COMET HALE-BOPP: FIRST EVER IMAGES OF A NEUTRAL GAS TAIL

CoCAM, WHT+UES

The 1997 International Time Project on comet Hale-Bopp was a great success and several major discoveries were made, including the first detection of a neutral gas tail, the observation of "cyanogen shells" and the detailed study of the rotation of the nucleus. Members of the Comet Hale-Bopp European Team participated in this project. This team was formed in early 1996 to co-ordinate European observing efforts because comet Hale-Bopp provided an extraordinary opportunity for scientists to observe a bright comet in great detail with the most advanced instrumentation, including the last generation of digital detectors.

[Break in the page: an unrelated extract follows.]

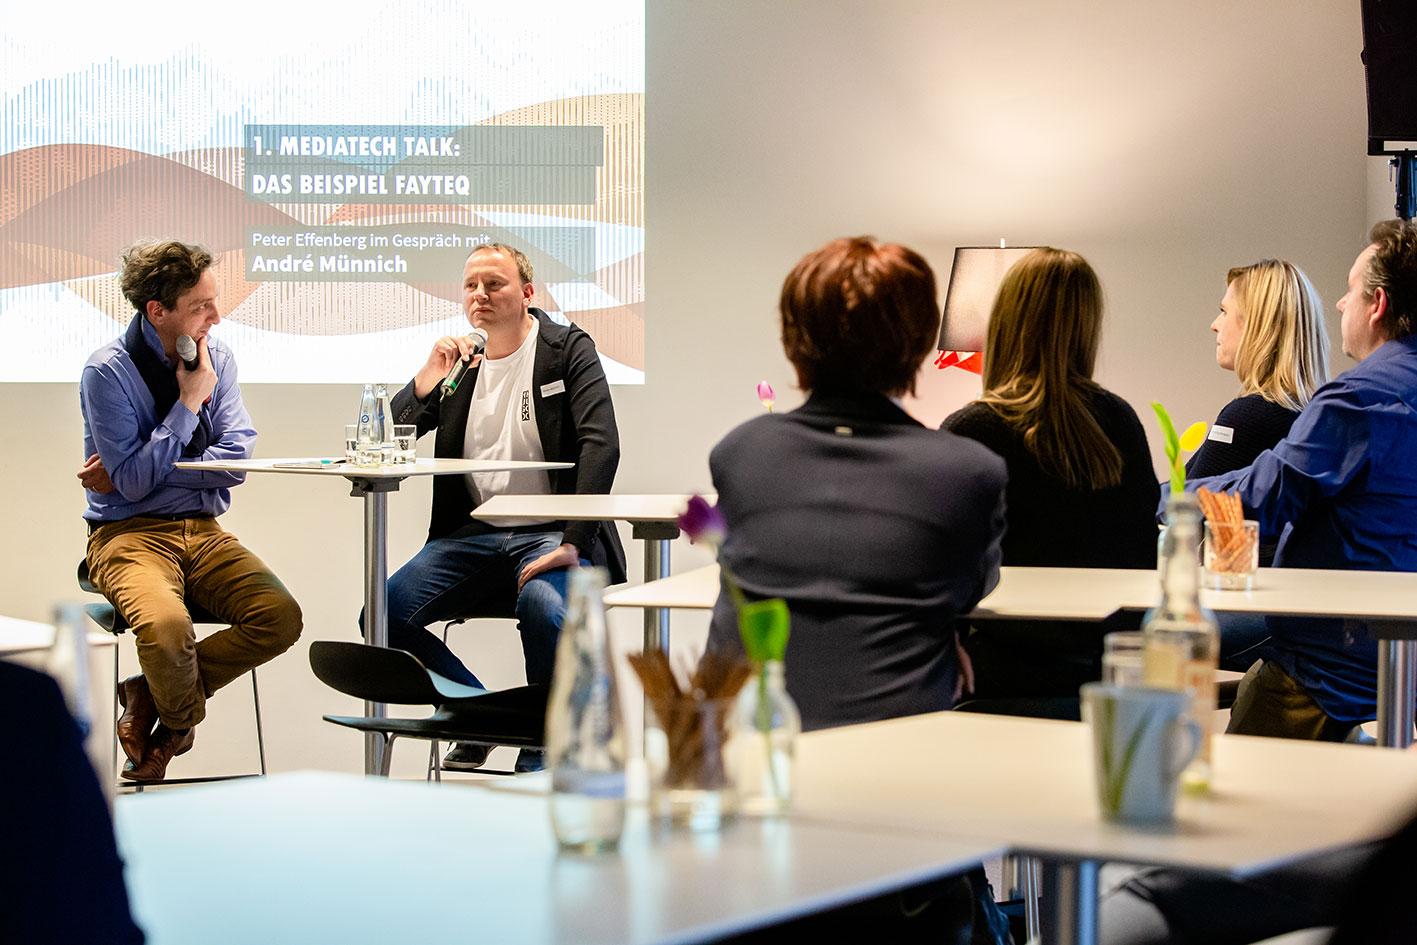 MediaTech Talk with André Muennich

Observations carried out to study the distribution of sodium atoms in comet C/1995 O1 Hale-Bopp led to the discovery of a new type of comet tail. Sodium atoms had previously been seen near the center of other comets, but these observations revealed for the first time a straight tail of sodium 6 degrees long.

The discovery images were taken with the CoCAM wide-field CCD camera, built and operated by staff at the Isaac Newton Group, set up next to the INT. CoCAM consists of a 35-mm camera zoom lens working at f/3.5 and imaging onto a 2220 × 1180 pixel EEV CCD chip, whose pixel size of  22.5m  square corresponds to 26", thereby achieving on the sky a total field of 17° × 9°.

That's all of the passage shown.